▸ **GIVEN MATERIAL**:

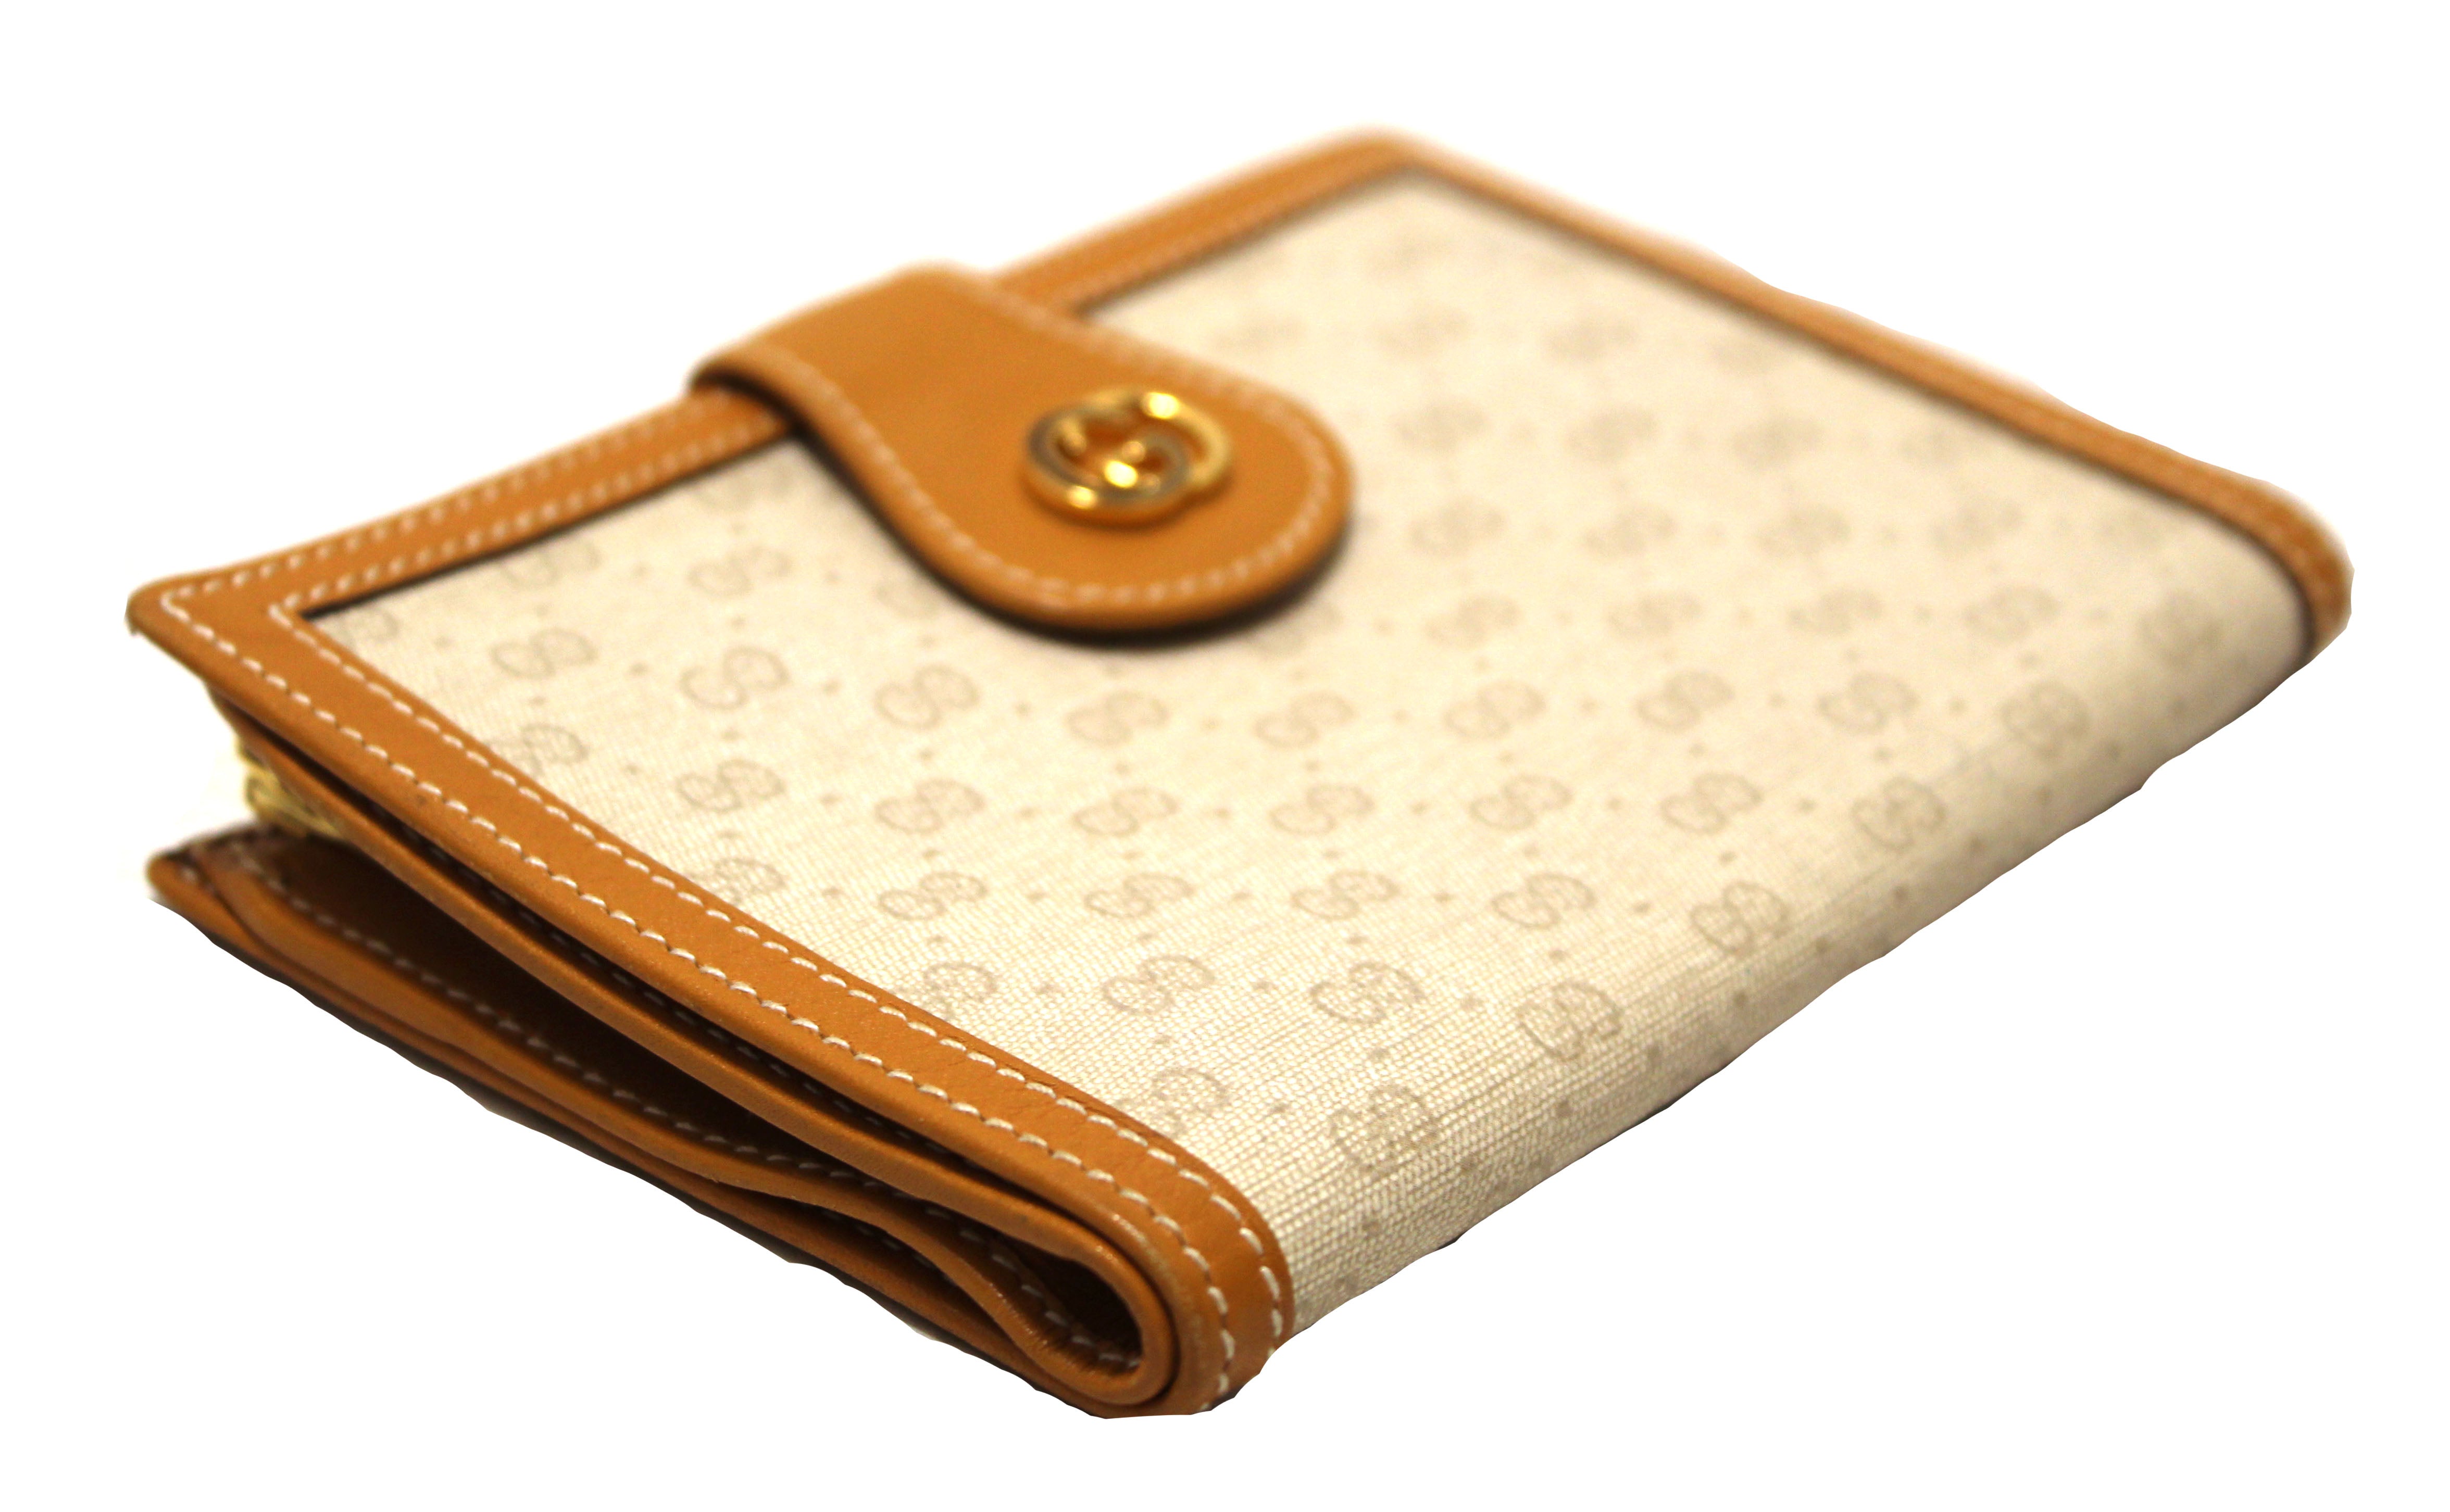 Authentic Gucci Vintage Beige Microguccissima with Yellow Leather Trim Bilfold Wallet
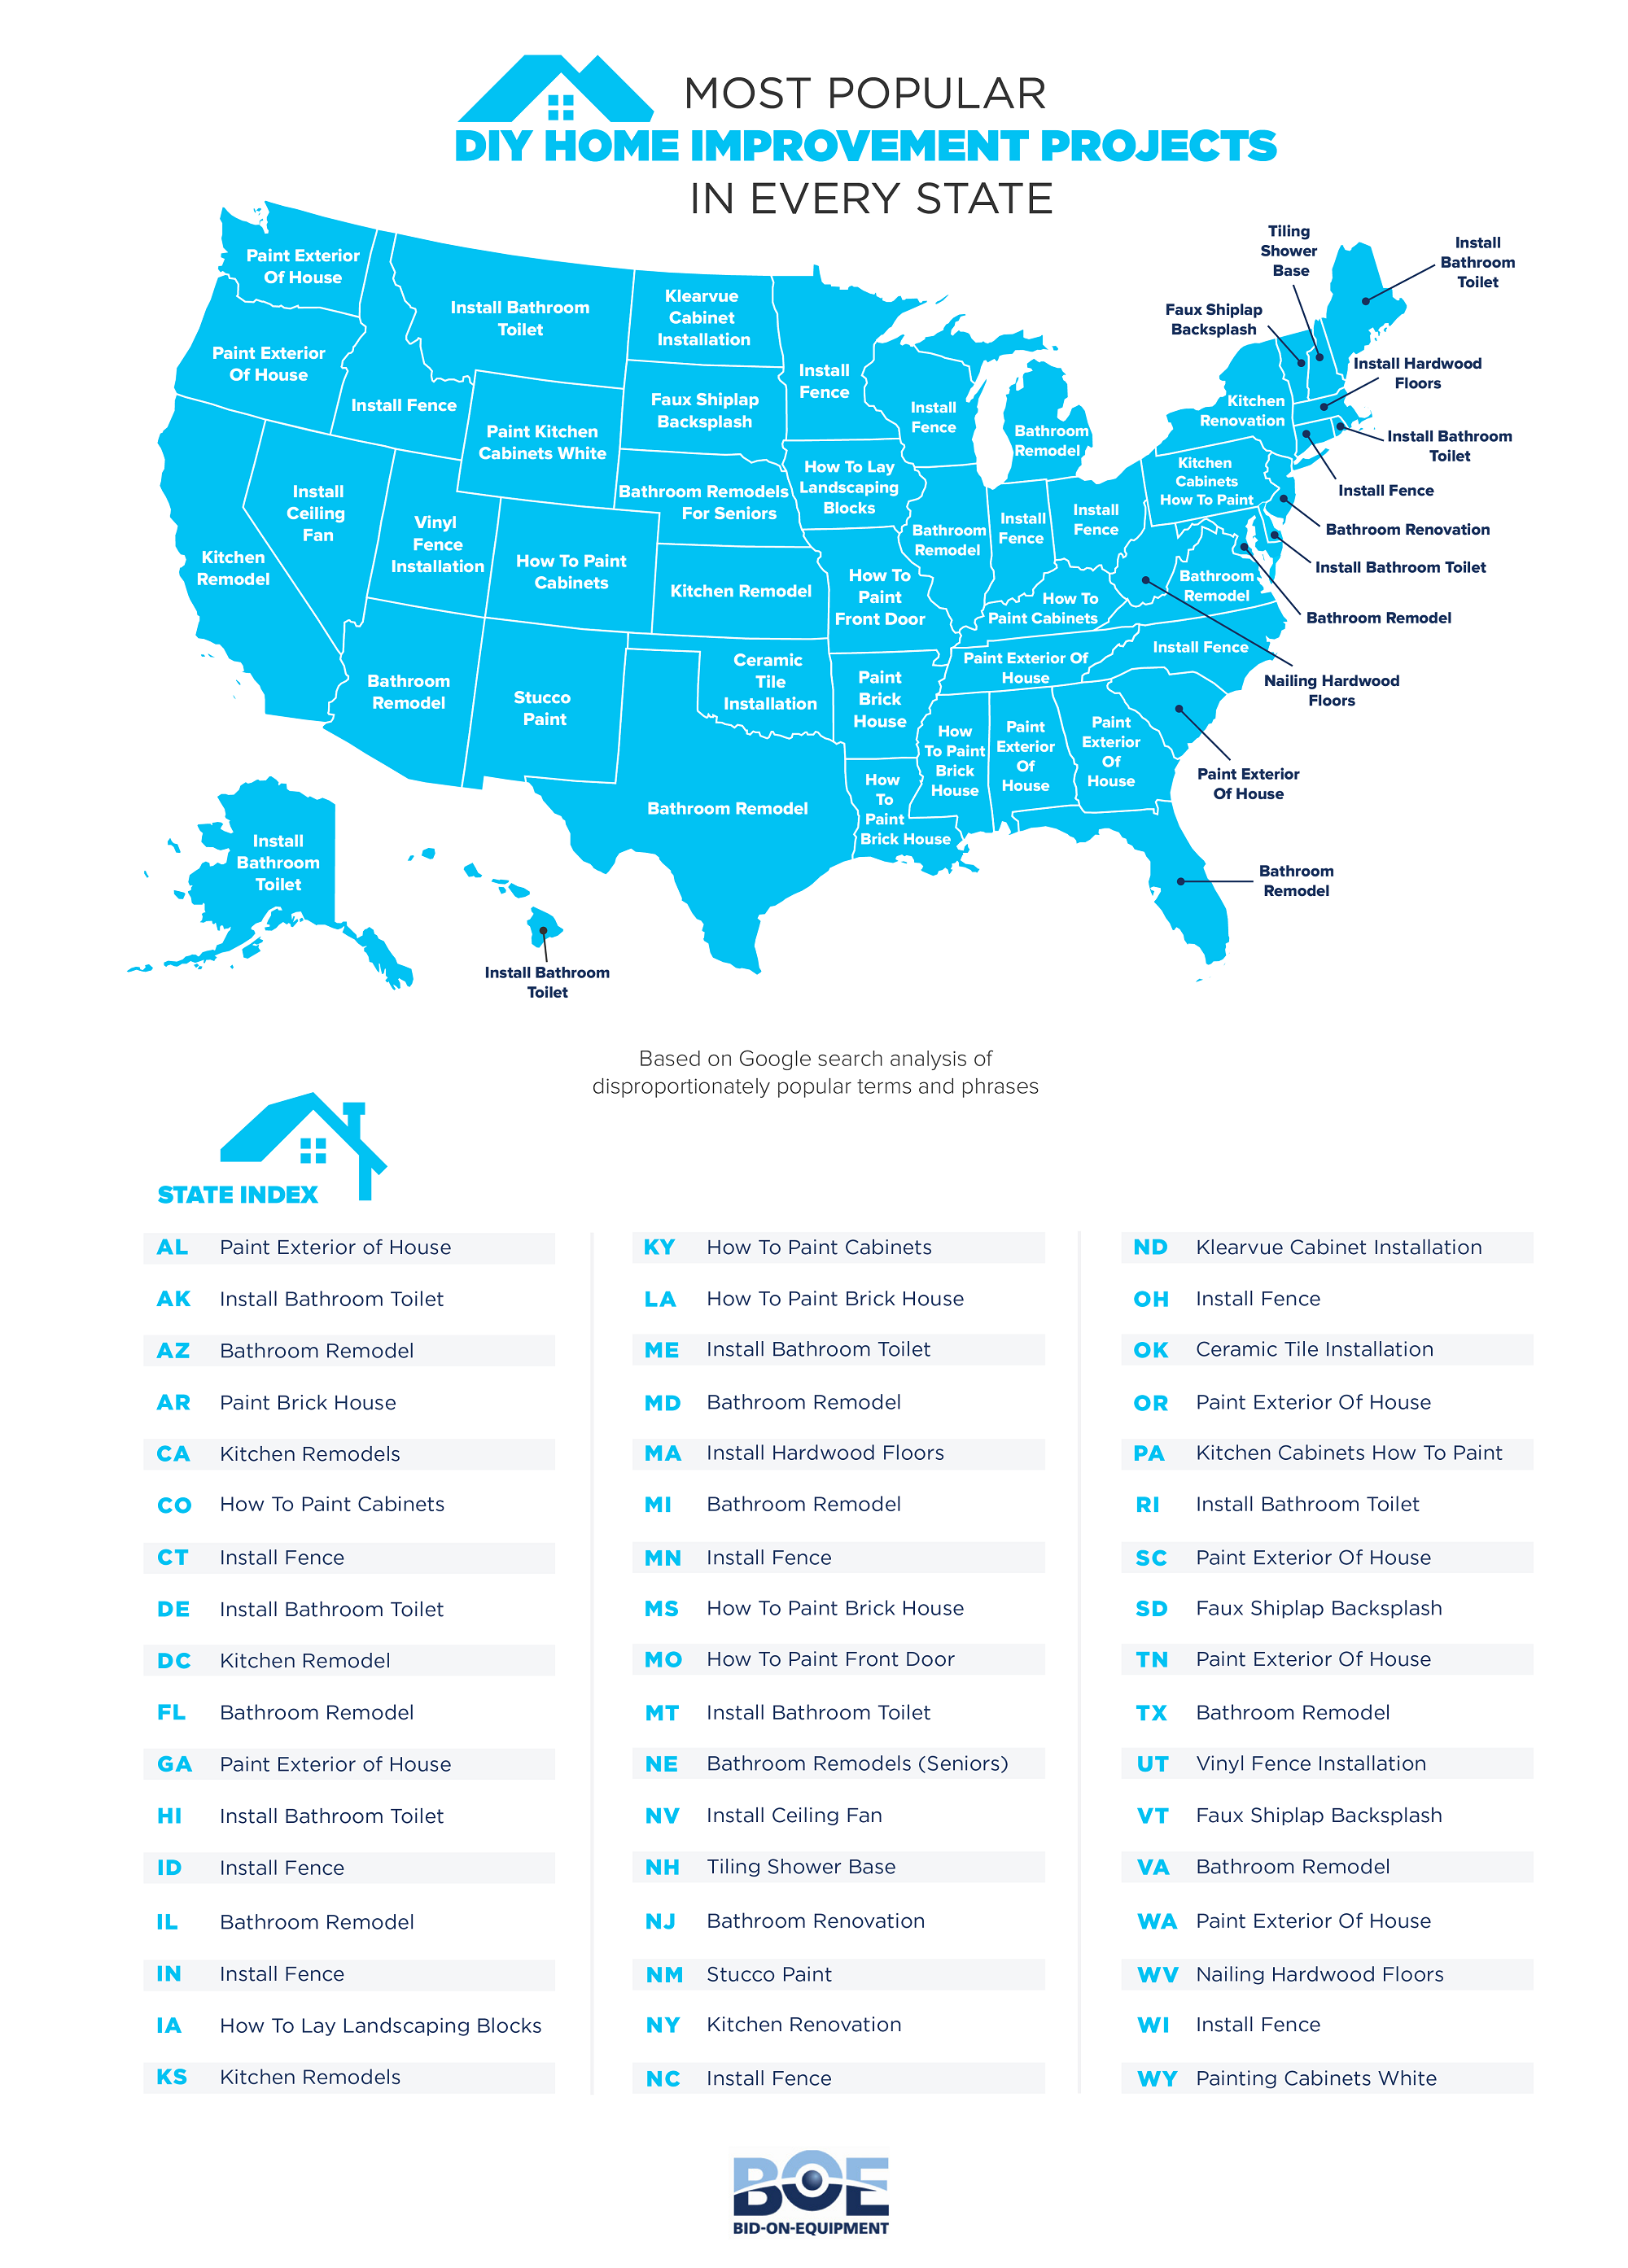 Most Popular DIY Home Improvement Projects in Every State
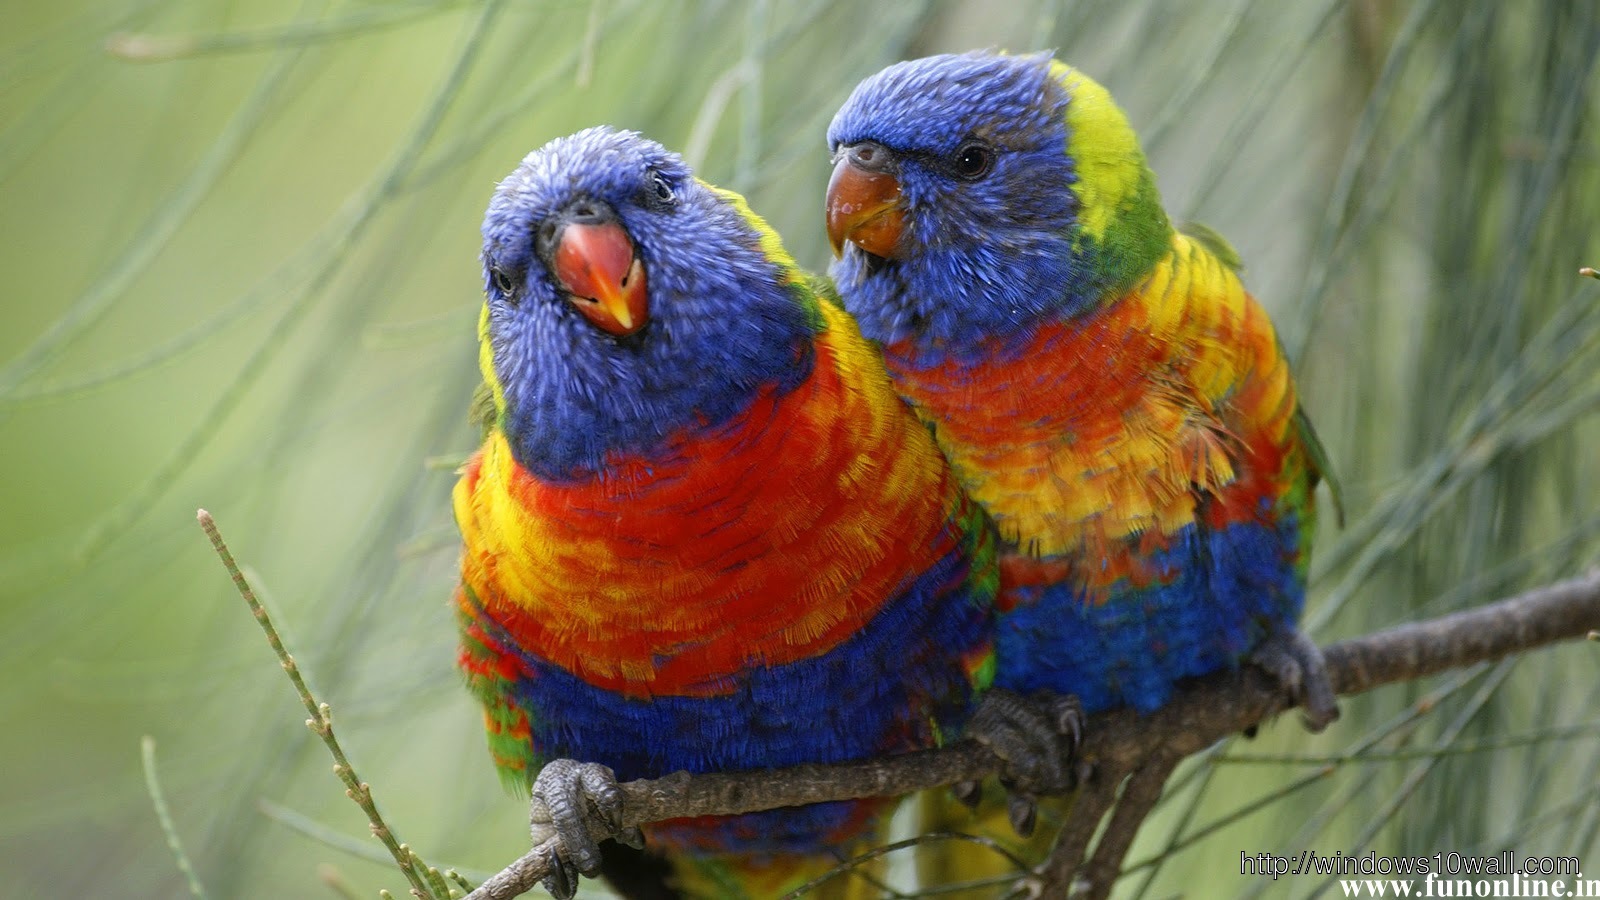 Colorful Pair Of Parrot HD Wallpaper

▸ **DIRECTIONS FOR THIS TASK**: The response is the full listing, copied exactly, with the pictures omitted.

▸ **RESPONSE AREA**:
 Authentic Gucci Vintage Beige Microguccissima with Yellow Leather Trim Bilfold Wallet
 Most Popular DIY Home Improvement Projects in Every State
 Colorful Pair Of Parrot HD Wallpaper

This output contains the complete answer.